I'm trying to understand the remainder in Taylor's theorem from this source: https://proofwiki.org/wiki/Taylor%27s_Theorem/One_Variable/Integral_Version
I don't understand the very last parts of the proof (the parts where the remainder $R_n$ is solved).

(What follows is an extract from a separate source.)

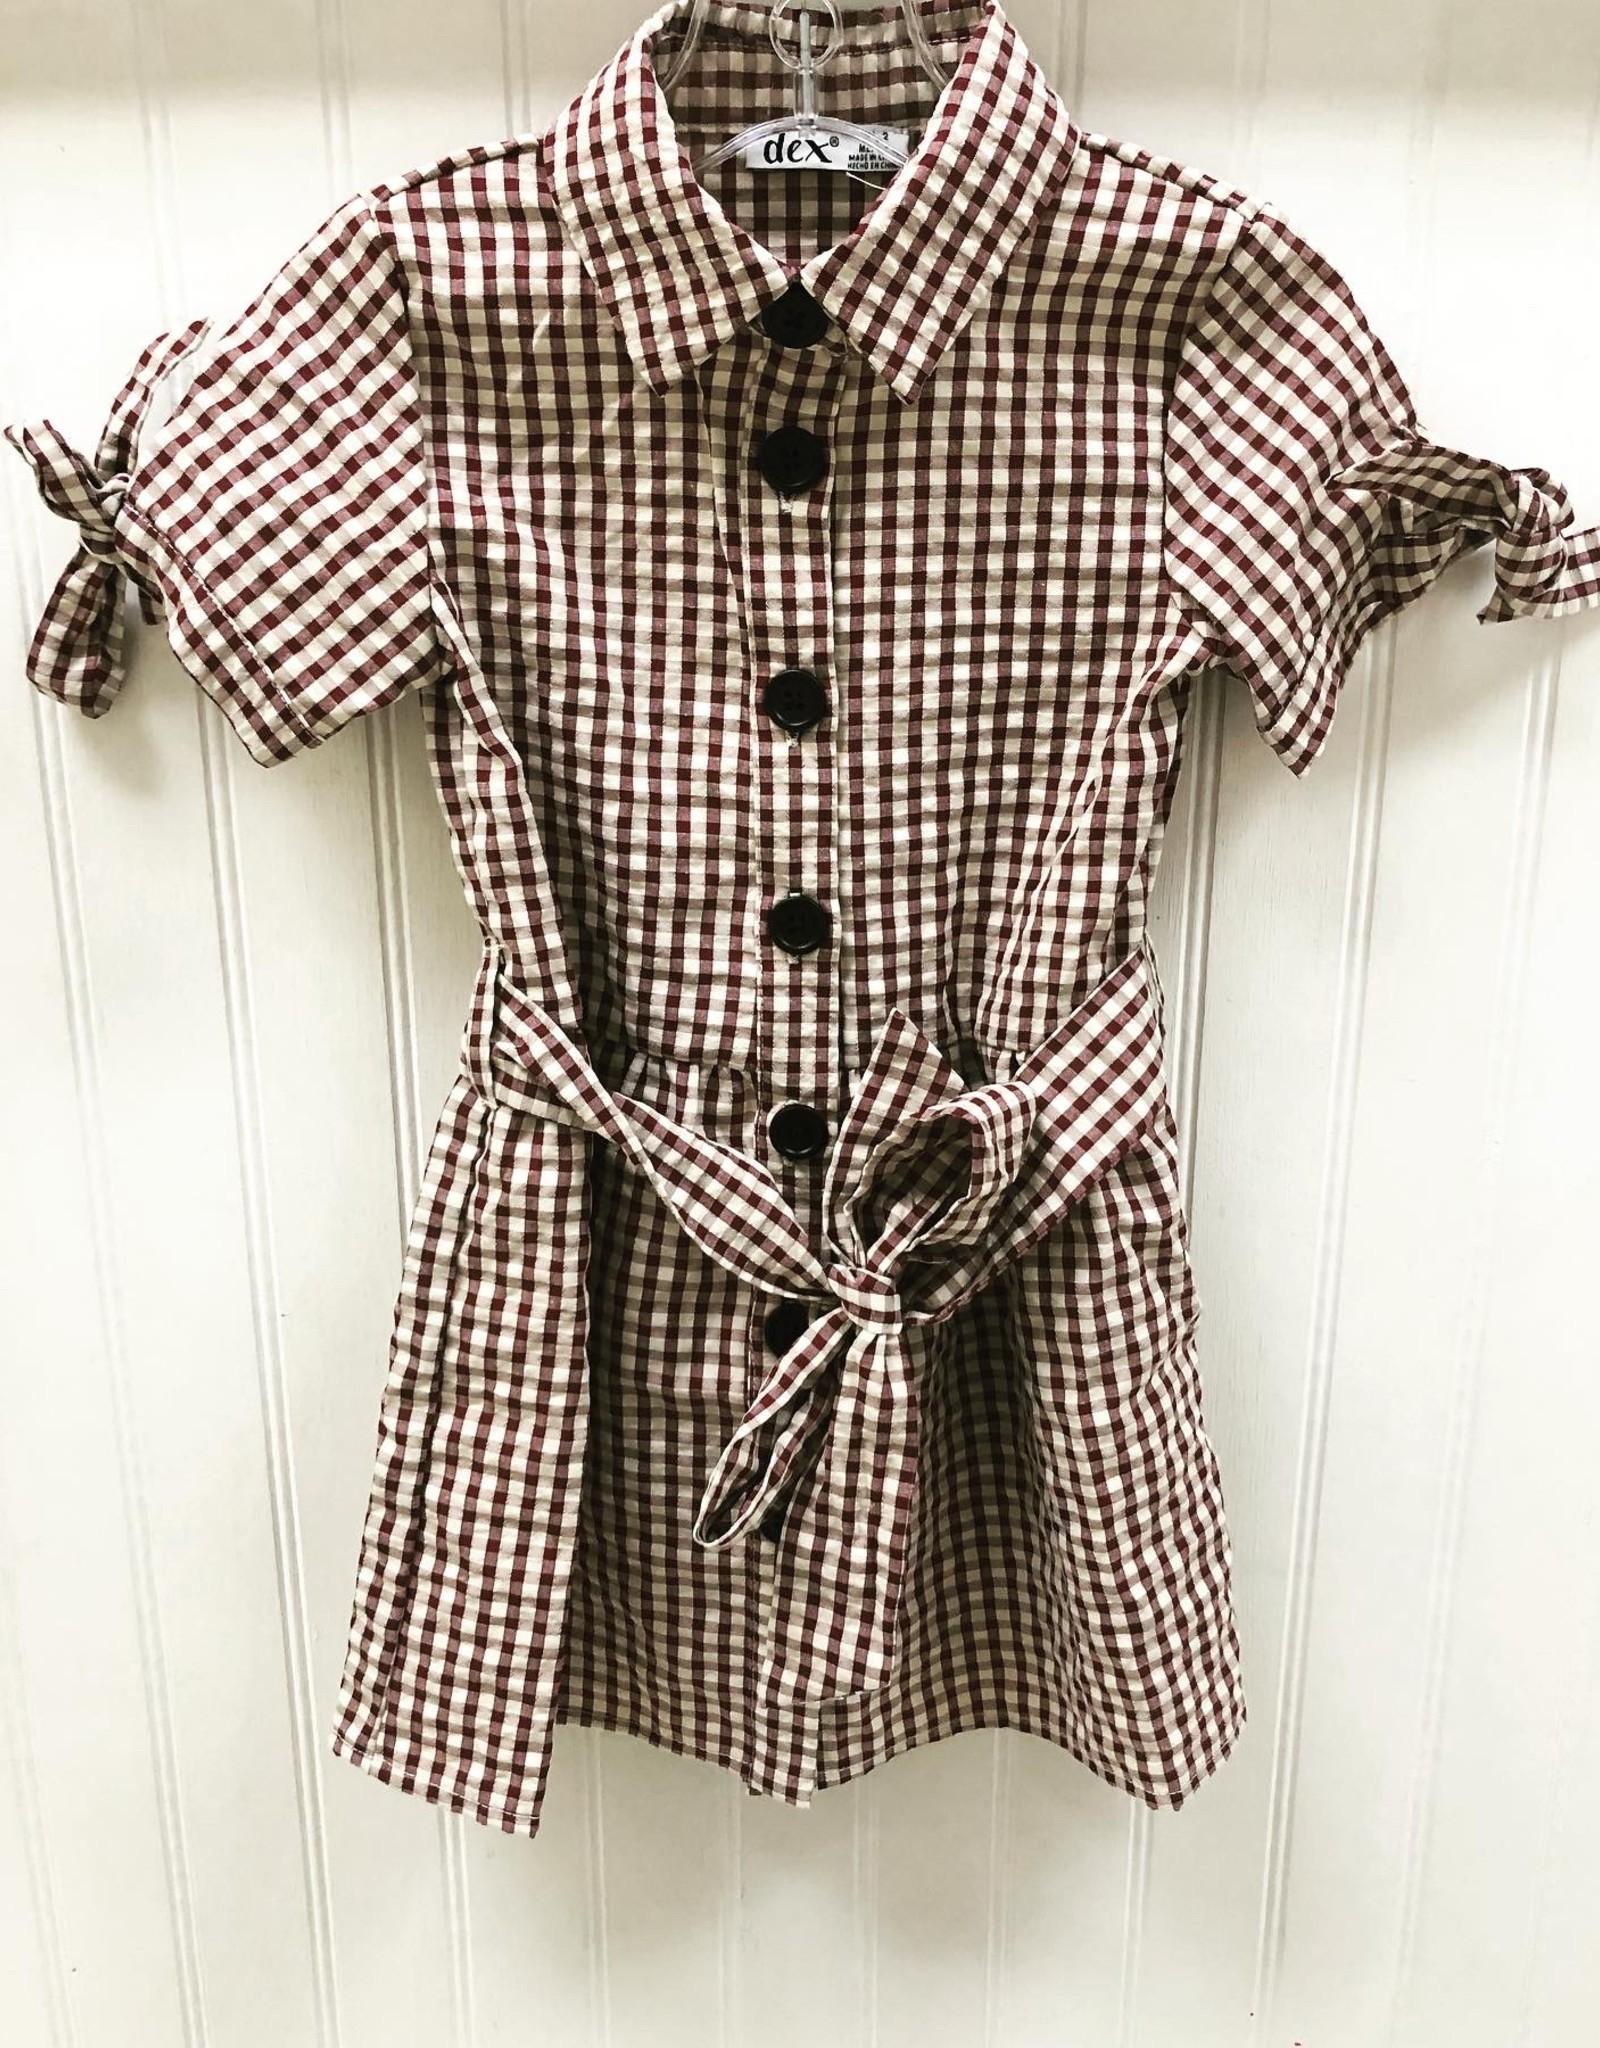 DEX Gingham dress

Can someone explain why does it follow from:
$$\frac{f^{(n+1)}(a)}{(n+1)!}(x-a)^{n+1}+\int_a^x \frac{f^{(n+2)}(t)}{(n+1)!}(x-t)^{n+1} \;dt$$
that $$R_N = \frac{f^{(n+1)}(\xi)}{(n+1)!}(x-a)^{n+1}?$$
I think the changing between letters $a$ and $\xi$ confuses me…?
Best Answer
We use this result: there's $c\in(a,b)$ such that
$$\int_a^b f(x)g(x)dx=f(c)\int_a^b g(x)dx$$ so in our case we have
$$\int_a^x\frac{f^{(n+1)}(t)}{n!}(x-t)^ndt=f^{(n+1)}(\xi)\int_a^x\frac{(x-t)^n}{n!}dt=f^{(n+1)}(\xi)\frac{(x-a)^{n+1}}{(n+1)!}=:R_n$$